═══ RECORDS FOR THE TASK

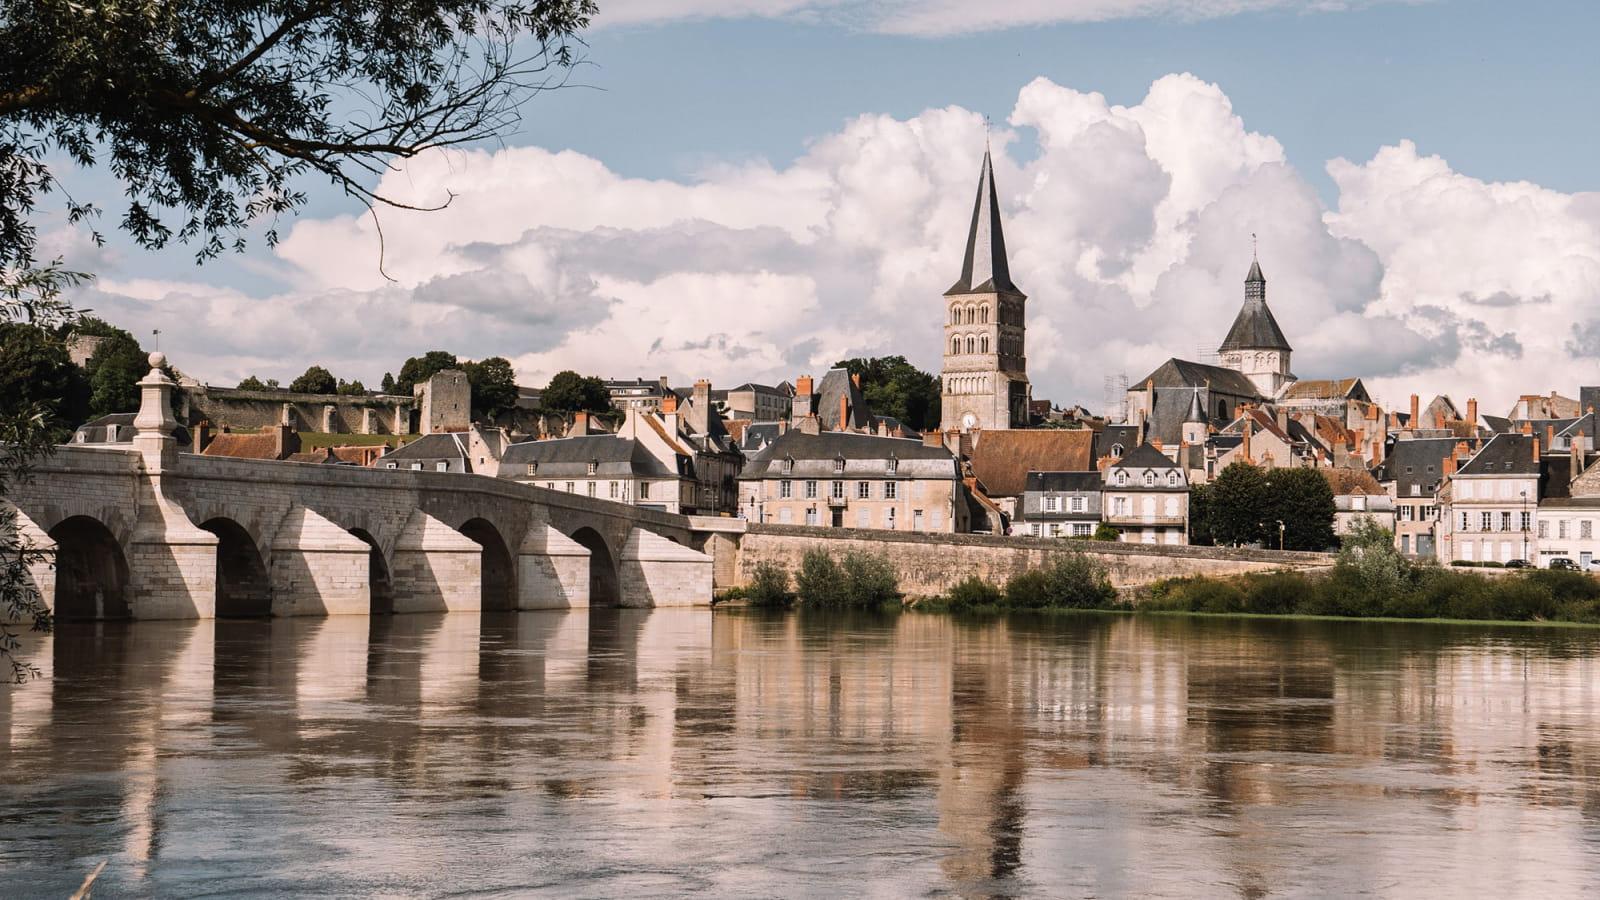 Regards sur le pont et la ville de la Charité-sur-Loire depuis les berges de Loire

══════
═══ RECORDS FOR THE TASK

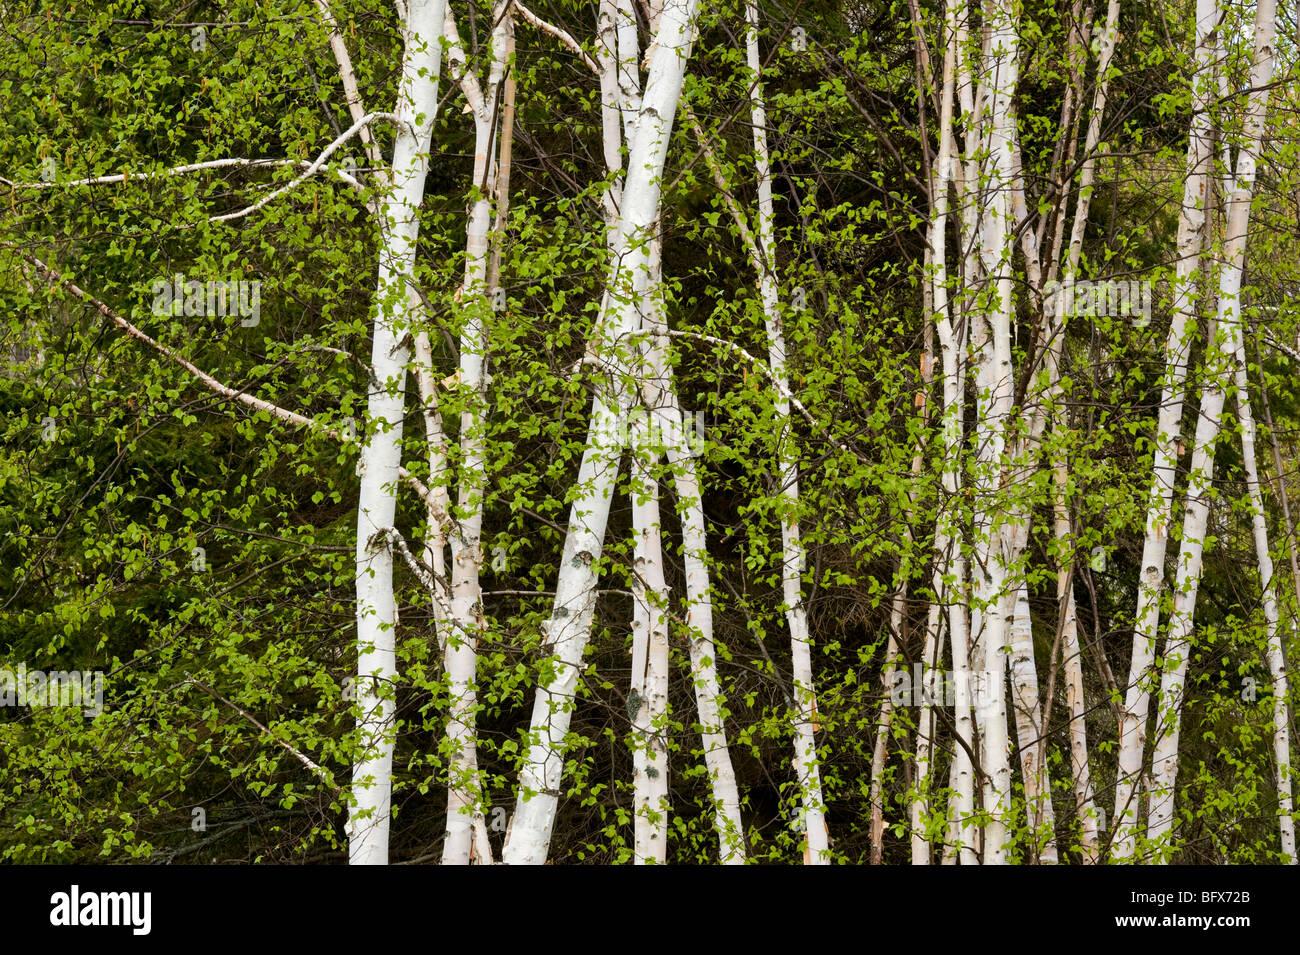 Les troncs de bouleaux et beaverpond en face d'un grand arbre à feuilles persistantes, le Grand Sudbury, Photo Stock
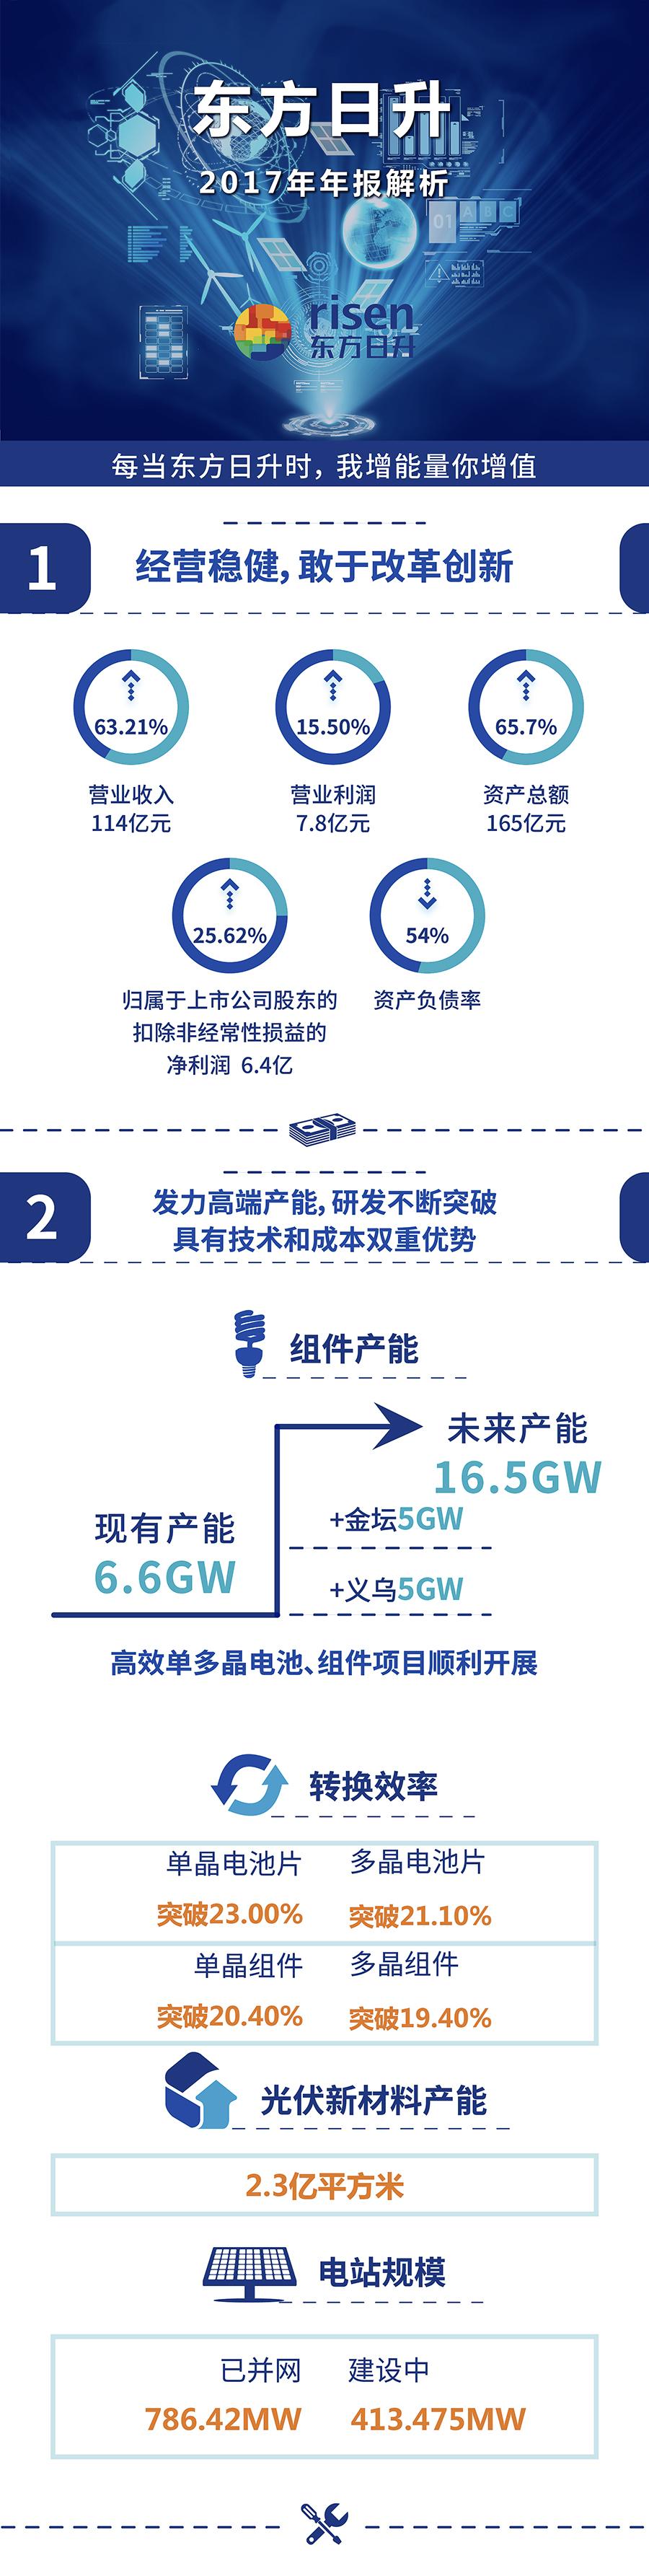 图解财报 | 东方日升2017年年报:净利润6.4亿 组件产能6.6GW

══════

◆ REQUIRED WORK: Your answer must be the lines above from the one holding "Les troncs de" up to and including the one holding "图解财报 | 东方日升2017年年报:净利润6.4亿 组件产能6.6GW", exact and with no pictures.

◆ OUTPUT OF THE EXERCISE:
 Les troncs de bouleaux et beaverpond en face d'un grand arbre à feuilles persistantes, le Grand Sudbury, Photo Stock
 图解财报 | 东方日升2017年年报:净利润6.4亿 组件产能6.6GW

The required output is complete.